A questo punto interessante sarebbe una sorta di comparazione con un altro grande autore che sull’argomento ha scritto in Il piacere del testo. Ci si riferisce chiaramente a Roland Barthes. Infatti, se da un lato Foucault si occupa della sessualità per fare emergere un particolare sistema di interdetto, dall’altro Barthes utilizza la sessualità come metafora per spiegare il flusso di seduzione che intercorre fra testo e lettore. Nelle prime pagine Barthes sostiene che la scrittura deve dare la prova al lettore di desiderarlo. Questo piacere che può dare la lettura deriva da una ridistribuzione della lingua; ciò significa che «né la cultura né la sua distruzione sono erotiche; è la crepa fra l’una e l’altra che lo diventa»[2]. Questo momento di frattura, di deflagrazione coglie il soggetto nel pieno godimento, come succede a un libertino che gusta l’attimo dopo un’ardita macchinazione. Non è casuale la presenza nel testo del termine ‘attimo’. Questo perché, secondo l’autore, niente ci dice che lo stesso testo ci piacerà una seconda volta, quindi l’“attimo di godimento” ci avvisa che si tratta di un piacere precario. Fin qui però si sono utilizzati ‘godimento’ e ‘piacere’ come fossero sinonimi, in realtà Barthes definisce il piacere (del testo) come quel piacere che soddisfa, appaga, regala euforia, mentre il godimento come puro mancamento che al contrario del piacere non è neppure dicibile. Barthes propone degli accostamenti concreti fra piacere erotico e piacere del testo. Per esempio, in un caso, quest’ultimo somiglia ad uno strip-tease corporeo nel momento di suspance narrativa; in un altro, mette sullo stesso piano la speranza di un collegiale di vedere il sesso con l’attesa di conoscere la fine della storia di un romanzo. Non bisogna comunque cadere nell’errore di pensare che Barthes con queste descrizioni voglia riferirsi solo ai testi pornografici. Di questi libri anzi afferma che più che la scena erotica, sono ‘eccitanti’ la sua attesa, la sua preparazione e crescita.
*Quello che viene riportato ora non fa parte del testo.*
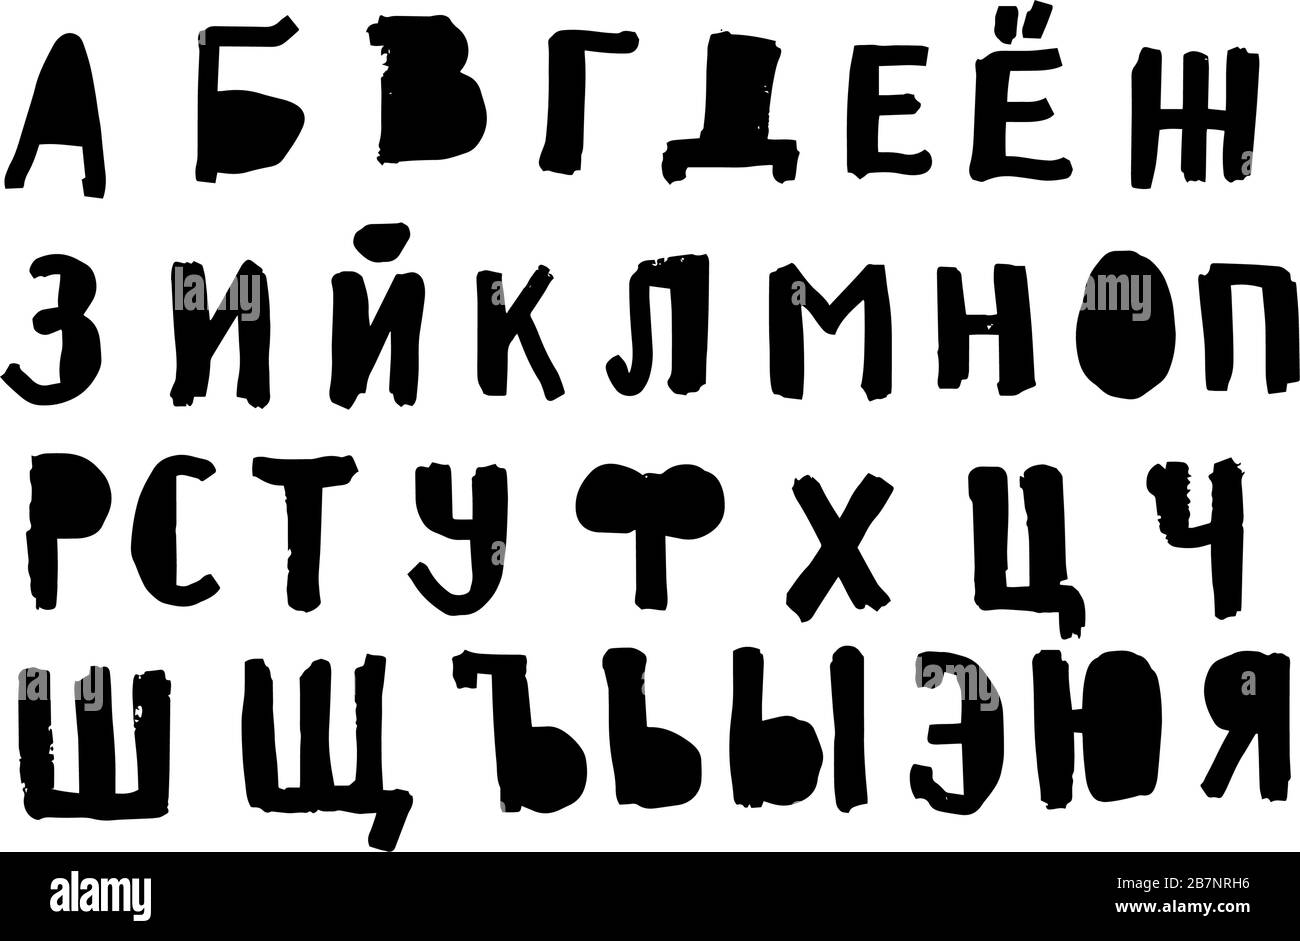 How to Draw Alphabet Lore (Y), Dibujando Alphabet Lore - Y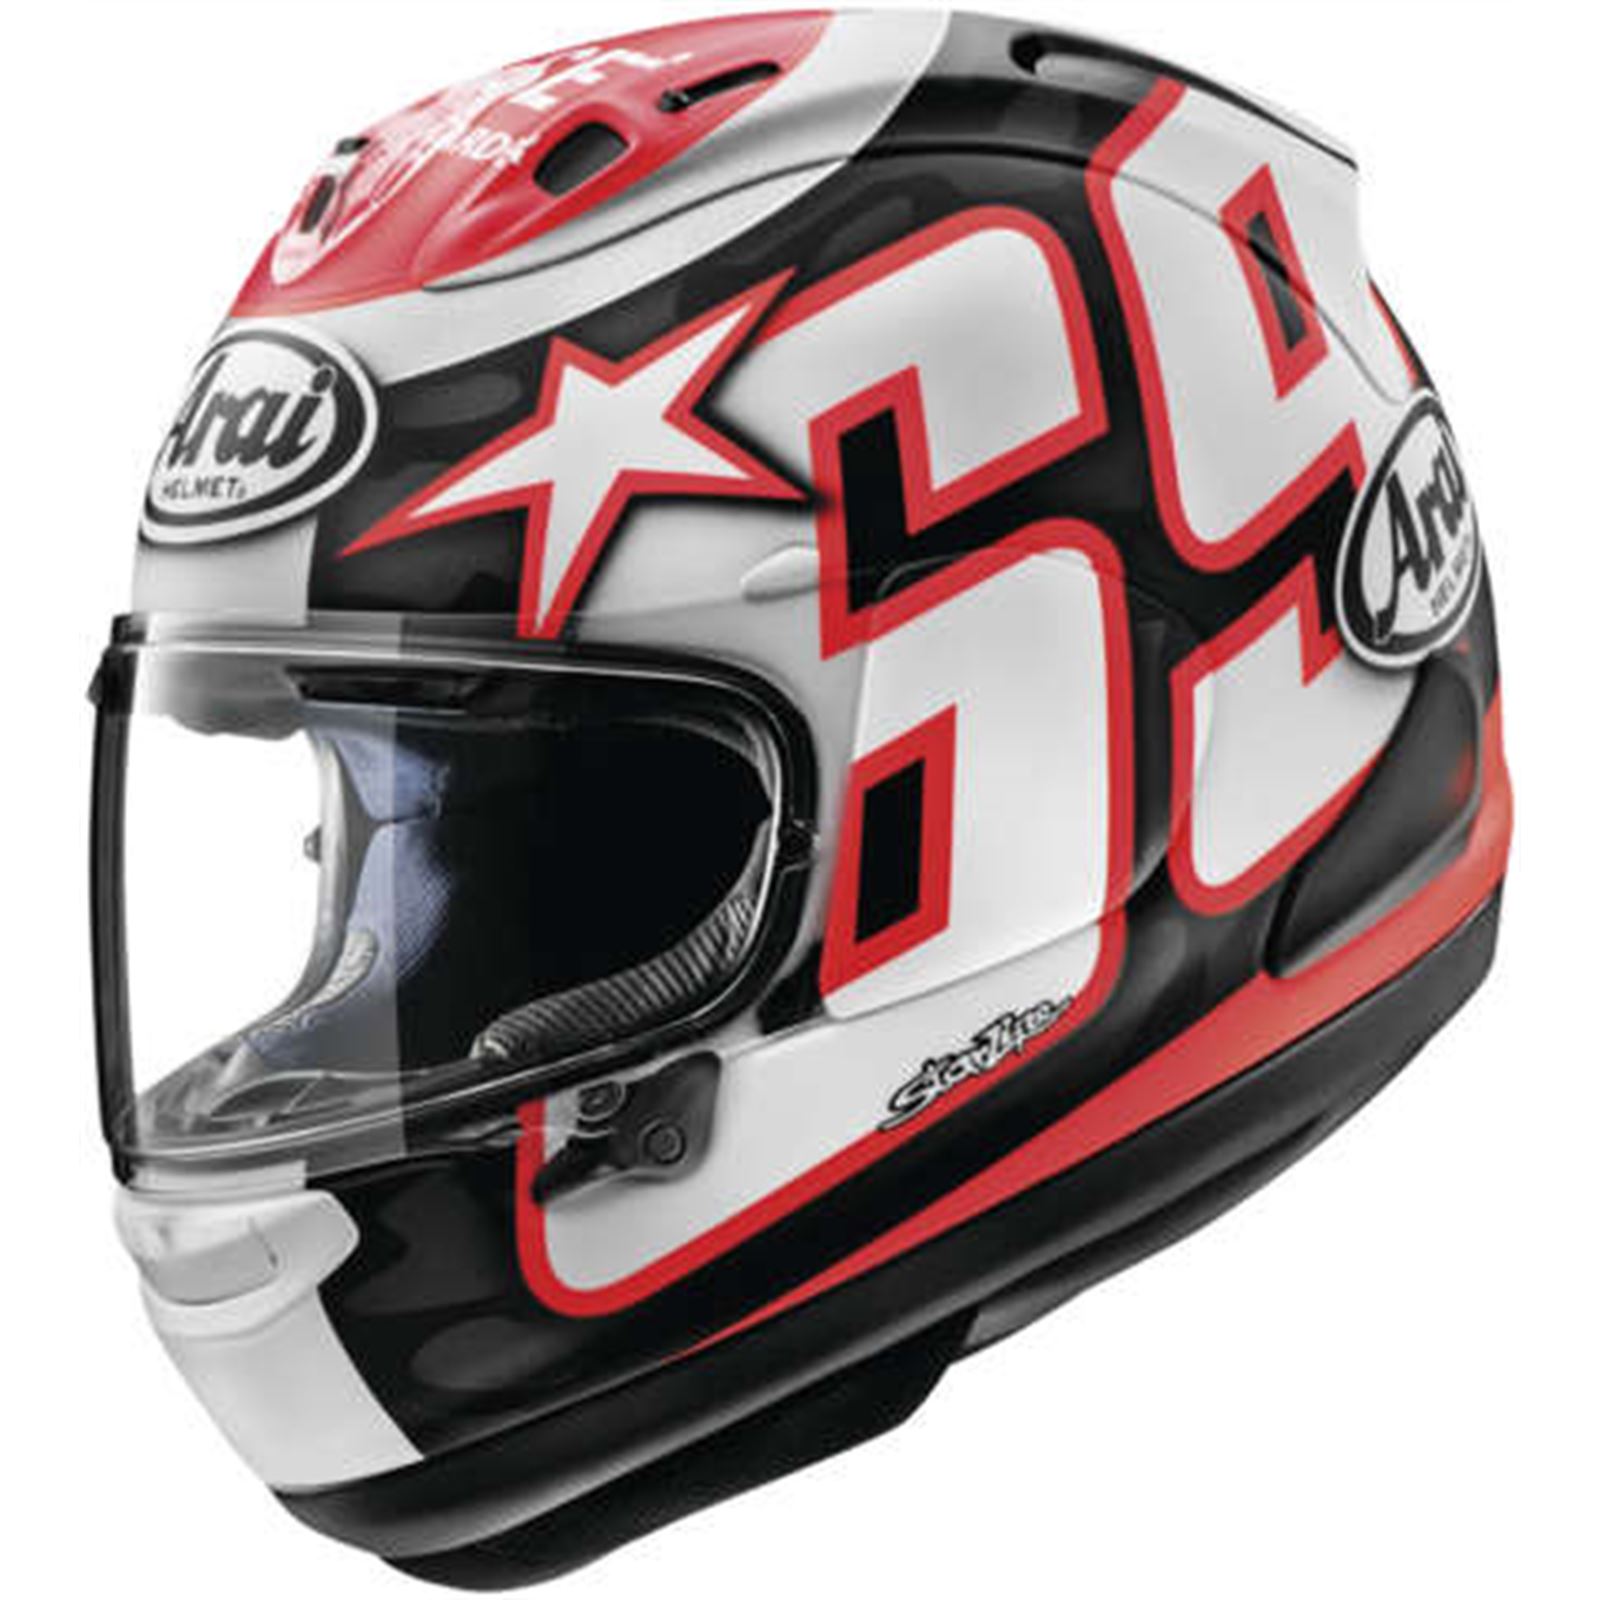 Arai Corsair-X Helmet - Nicky Reset - Frost - XL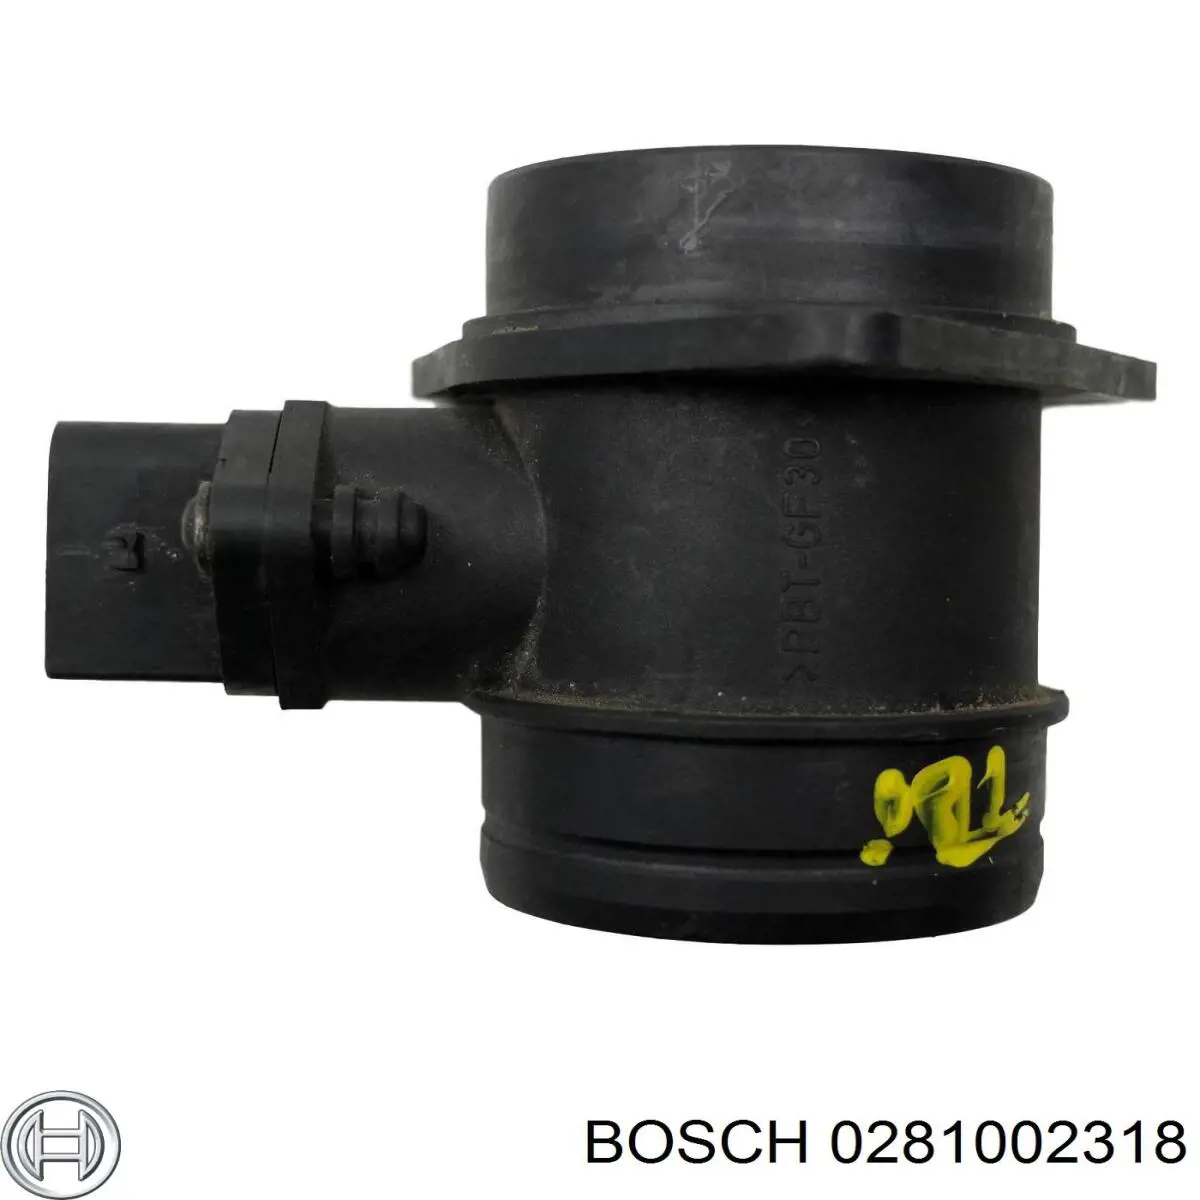 Sensor De Flujo De Aire/Medidor De Flujo (Flujo de Aire Masibo) 0281002318 Bosch

L’autore vuole riferirsi piuttosto a storie raccontate senza malizia, perché è proprio di queste che è più facile produrre un rovesciamento dal quale si sviluppa superbamente il piacere del testo medesimo.

Si può concludere riportando un ultimo accostamento fatto da Barthes tra piacere del testo e sessualità umana:il testo ha una forma umana, è un anagramma del nostro corpo erotico. Ma la sottigliezza del paragone sta nel dire che come il piacere del corpo è irriducibile al bisogno fisiologico, così il piacere del testo è irriducibile al suo funzionamento grammaticale.

Quelli che ho brevemente illustrato sono alcuni degli aspetti che rendono i testi di Foucault e Barthes, presi brevemente in esame, notevoli spunti di riflessione su diverse tematiche valide a tutt’oggi.



[1] M. Foucault (2004), L’ordine del discorso, Einaudi, Torino, p. 4-5.

[2] R. Barthes (1973), Il piacere del testo, Einaudi, Torino, p. 6.